Method Retrieval / Content SR(%) SPL(%)
TrajTextRAG Text Embedding / Descriptions 53.3 25.6
GraphRAG Graph Embedding / Scene Graph 55.2 30.7
TrajRAG (Ours) Hierarchical / Topological-Polar 61.7 33.2

Key Findings

  • Geometry and Semantics are Complementary: Neither alone achieves optimal performance; geometry provides layout skeletons while semantics provide identities.
  • Scene-level Coarse Retrieval is Essential: Removing coarse matching drops SR by 7.4%, highlighting the importance of filtering out irrelevant context.
  • Specialized Sequence Encoder > General Text Embeddings: Pretrained text models fail to capture the temporal/sequential relations of trajectories.
  • Experience is Cross-Scene Transferable: Cross-dataset performance drops only slightly, proving that topological-polar representations capture universal navigation clues.

Highlights & Insights

  • Applying RAG to Embodied Navigation: Solved the "chunk" definition problem by using topological-polar trajectories to handle compression and cross-execution matching.
  • Polar Sector + Cyclic Rotation: A clever way to achieve rotation-invariant local layout matching, allowing identical layouts to be matched regardless of the agent's initial heading.
  • Bridging Commonsense and Experience: LLMs handle general reasoning while the RAG library provides embodied experience, creating a systematic paradigm for lifelong learning.
  • Consolidation Mechanism: The multi-level matching mechanism (semantic → geometric → redundancy) prevents the knowledge base from exploding, mimicking human memory consolidation.

Limitations & Future Work

  • Dependency on Perception Quality: Retrieval quality depends on the accuracy of GroundingDINO and MobileSAM; perception errors directly pollute the semantic fingerprints.
  • Small Marginal Gains: Compared to previous SOTA, SR gains are around 1-2 points, raising questions about whether the complex pipeline is worth the absolute performance increase.
  • Frozen Test-Time Memory: The library was frozen during testing to prevent leakage, meaning the "dynamic update" benefit was not directly quantified in main experiments.
  • Data Dependency: Re-building the library for new platforms or real-world environments requires large-scale trajectory data.
  • vs VoroNav / CogNav (LLM-based): These convert scene info into text for LLM reasoning but lack real scene experience and lifelong accumulation. TrajRAG injects retrieved embodied experience.
  • vs VLFM / BeliefMapNav (VLM-based): These score frontiers based on current observations. TrajRAG uses hypothetical trajectories to look ahead at where a path usually leads based on experience.
  • vs Embodied-RAG / NavRAG (Embodied RAG): Prior works are often limited to single-scene retrieval or assume full map availability.
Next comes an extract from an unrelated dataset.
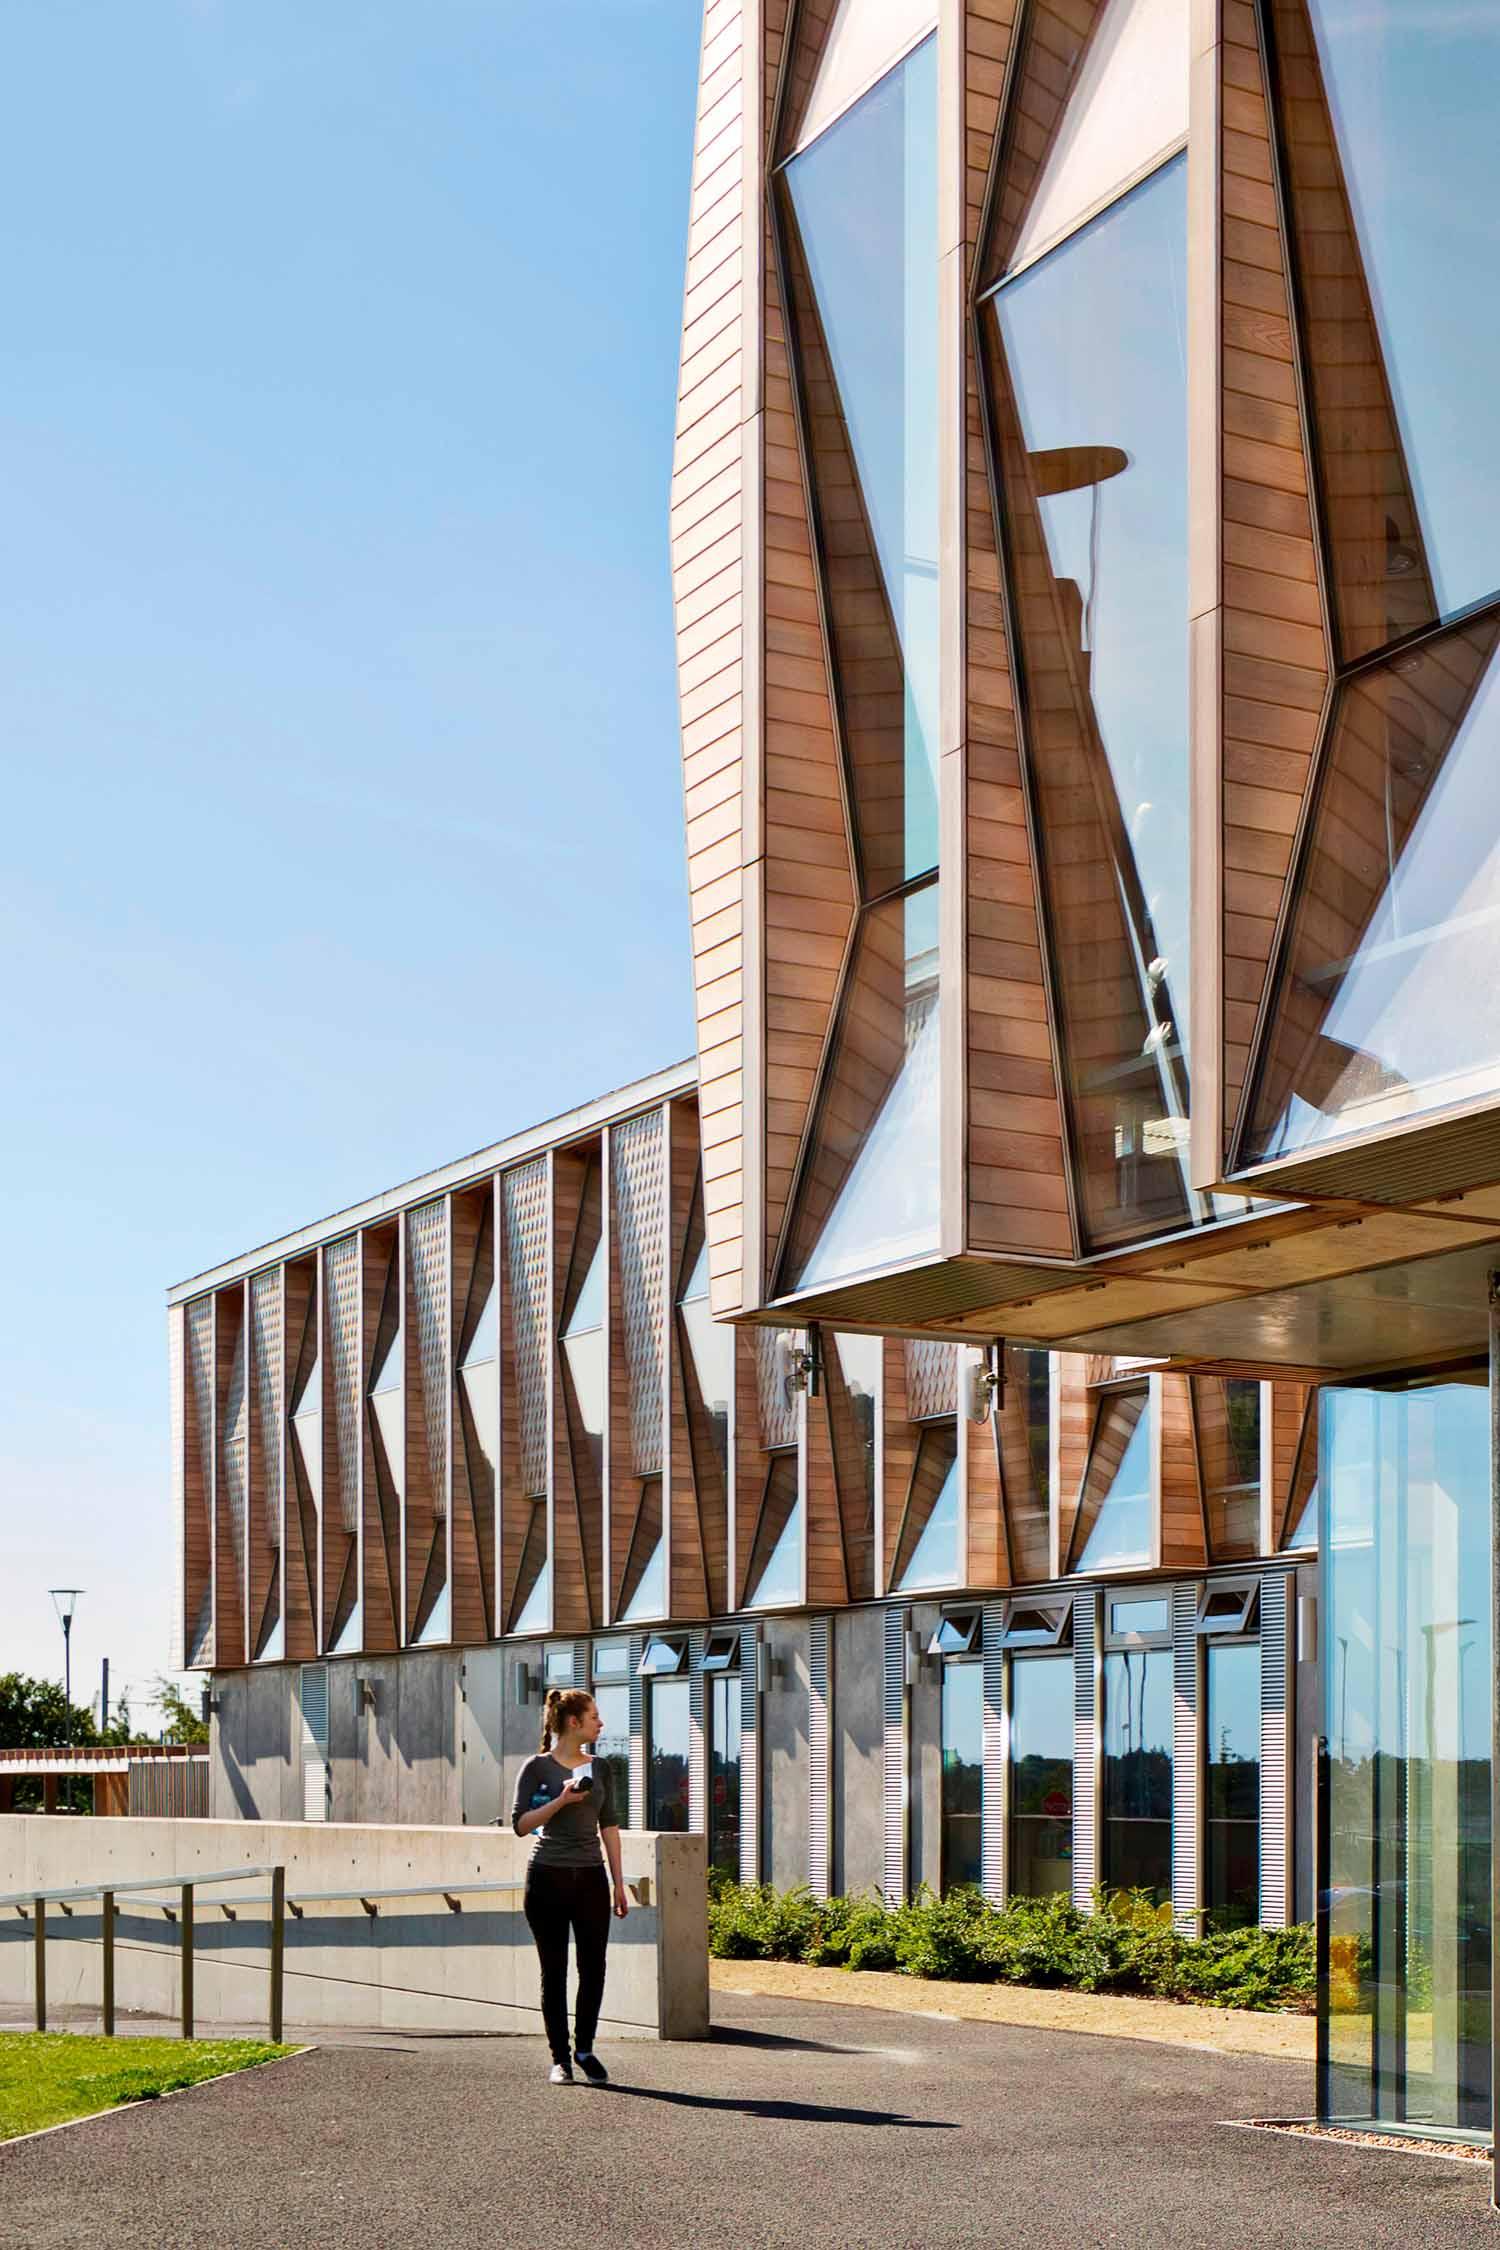 Centro comunitario multifunzionale Samuel Beckett, Dublino, Irlanda, 2016
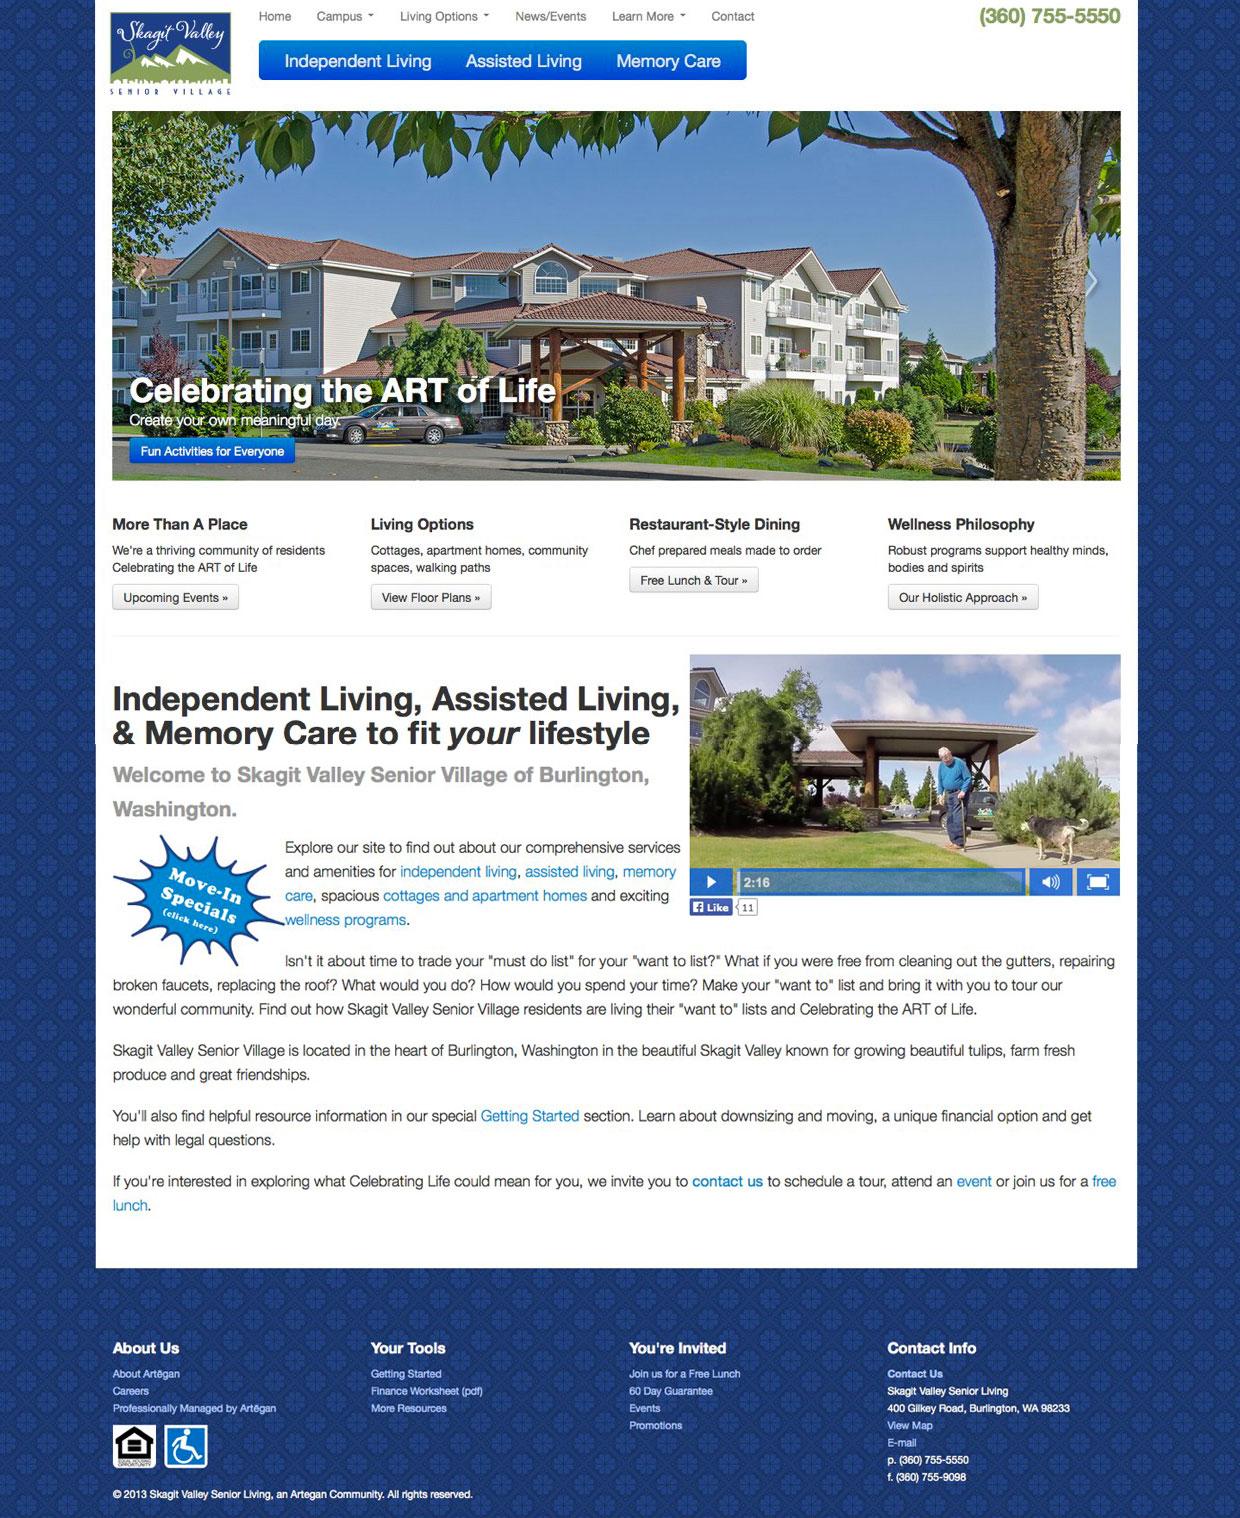 Website Design: Skagit Valley Senior Village

TrajRAG enables cross-scene knowledge transfer and lifelong indexing.

Rating

  • Novelty: ⭐⭐⭐⭐⭐ First to systematically apply RAG to zero-shot ObjectNav using a specialized topological-polar representation.
  • Experimental Thoroughness: ⭐⭐⭐⭐ Strong SOTA results and extensive ablations, though test-time accumulation was not fully explored.
  • Writing Quality: ⭐⭐⭐⭐ Clear motivation and methodology, despite minor notation inconsistencies.
  • Value: ⭐⭐⭐⭐ The "LLM + Cumulative Experience Base" paradigm is highly influential for lifelong embodied learning.